A votre service

Nombreux sont les salariés dont l’activité principale consiste à satisfaire les attentes d’un personnage pas toujours commode. Qu’il manifeste son impatience au guichet ou qu’il se plaigne à l’autre bout d’un combiné téléphonique, le client est de plus en plus choyé.

Un nouveau personnage a fait irruption dans l’horizon des salariés : le client. Il n’est plus l’acheteur plus ou moins passif de produits standardisés, ou l’usager sommé de se plier au règlement du service public auquel il s’adresse. Il est désormais considéré comme un individu doté de droits et d’attentes et le management invite les salariés à le prendre très au sérieux. Cette attention au client (ou à l’usager, selon qu’il s’adresse à une administration ou à une entreprise publique) constitue, depuis une vingtaine d’années, l’un des vecteurs essentiels de la modernisation des services publics. Mais elle est également au centre des mutations de l’industrie (encadré ci-dessous). Pour les salariés, cette évolution a un sens très concret : nombre d’entre eux passent le plus clair de leur temps à interagir avec des clients, que ce soit en face à face, ou par combiné téléphonique interposé. Leur nombre exact est difficile à évaluer, dans la mesure où les statistiques donnent des chiffres par secteurs, et non par postes occupés. Si l’on sait cependant que les services aux particuliers, les services d’assistance et de conseil aux entreprises et le commerce constituaient à eux seuls, en 2001, plus de 26 % de la population active, on dispose néanmoins d’un ordre de grandeur.
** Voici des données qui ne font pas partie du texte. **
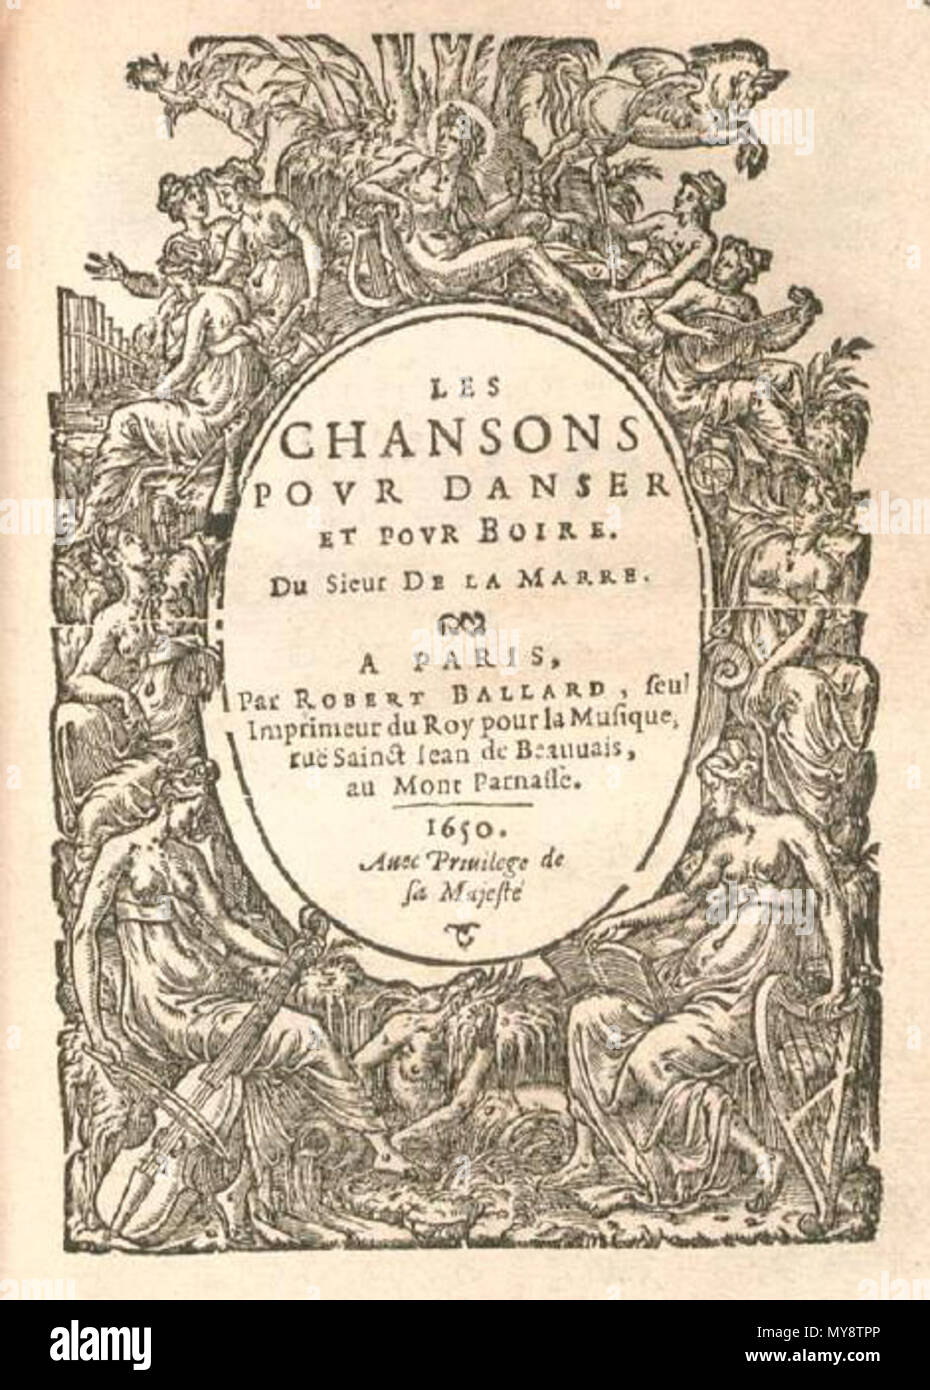 . Français : Les Chansons pour danser et pour boire de la marre (Paris, 1650). 1650. La Marre - Chansons pour danser et pour boire, 1650. 309 La Marre - Chansons 1650 Banque D'Images
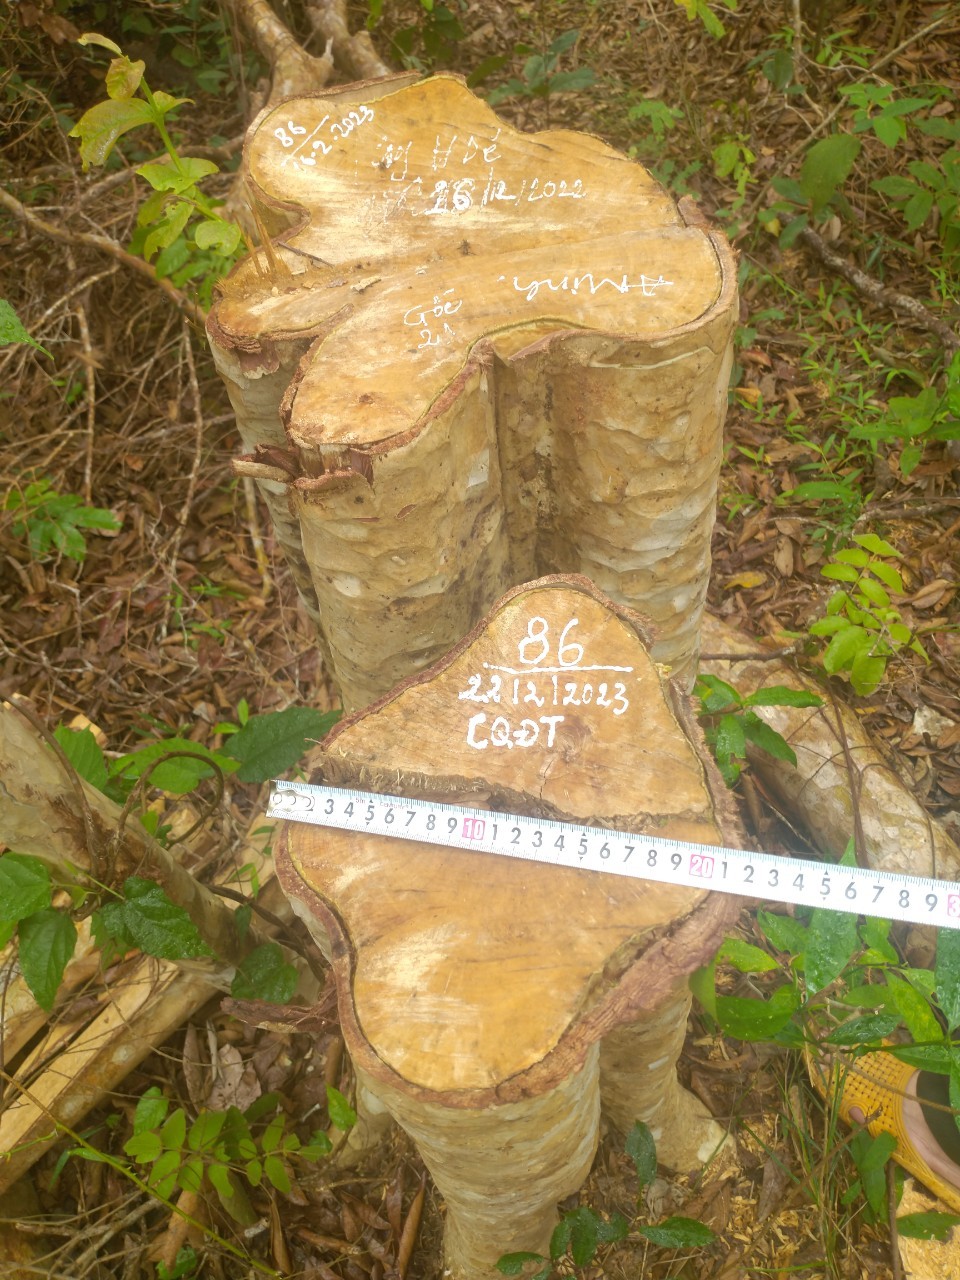 125 cây gỗ tại Gia Lai bị lâm tặc cưa hạ - Ảnh 1.

Ces situations de travail sont devenues si fréquentes que les chercheurs en ont fait un champ d’investigation à part entière. Ils ont redécouvert l’expression que les sociologues de l’école de Chicago (Everett Hughes et Erving Goffman par exemple) avaient forgée pour les désigner : la relation de service. Prolongeant les réflexions de ces précurseurs, l’économiste Jean Gadrey tente une définition du travail de service : il repose nécessairement sur une interaction entre le prestataire et le destinataire, de sorte que l’on peut même parler d’une « coproduction » du service entre l’un et l’autre. Ainsi, le médecin formule un diagnostic et prescrit des soins sur la base d’un dialogue avec son patient. De même, l’employé d’une agence touristique construit un séjour de vacances en interagissant avec le futur vacancier. Même dans le cas extrême d’un professeur délivrant un cours magistral, l’enseignement ne sera pas le même selon que les élèves sont attentifs ou bayent aux corneilles. La place croissante de la relation de service dans l’économie consacrerait ainsi l’avènement d’un travail cognitif et relationnel, synonyme d’un enrichissement de l’activité professionnelle et, plus encore, d’un travail porteur de sens, car fondé sur la relation à autrui.

 

Des cadences intenses

Saisir la diversité des métiers du service et les enjeux qu’ils recèlent exige néanmoins de compléter ce schéma. On peut, comme nous y invite le sociologue Jean-Pierre Durand, commencer par rajouter une personne dans cette interaction à deux joueurs : l’employeur. Dans la majorité des cas, rappelle-t-il, le prestataire de service est un salarié qui agit pour le compte d’une entreprise. Or celle-ci cherche généralement à rentabiliser son activité. Ce qui veut dire en clair accélérer les cadences, codifier la pratique pour économiser en temps ou en qualification des personnels. Bref, comme le disent les sociologues, il s’agit de « rationaliser » l’activité de service, exactement comme on le fait dans le travail industriel.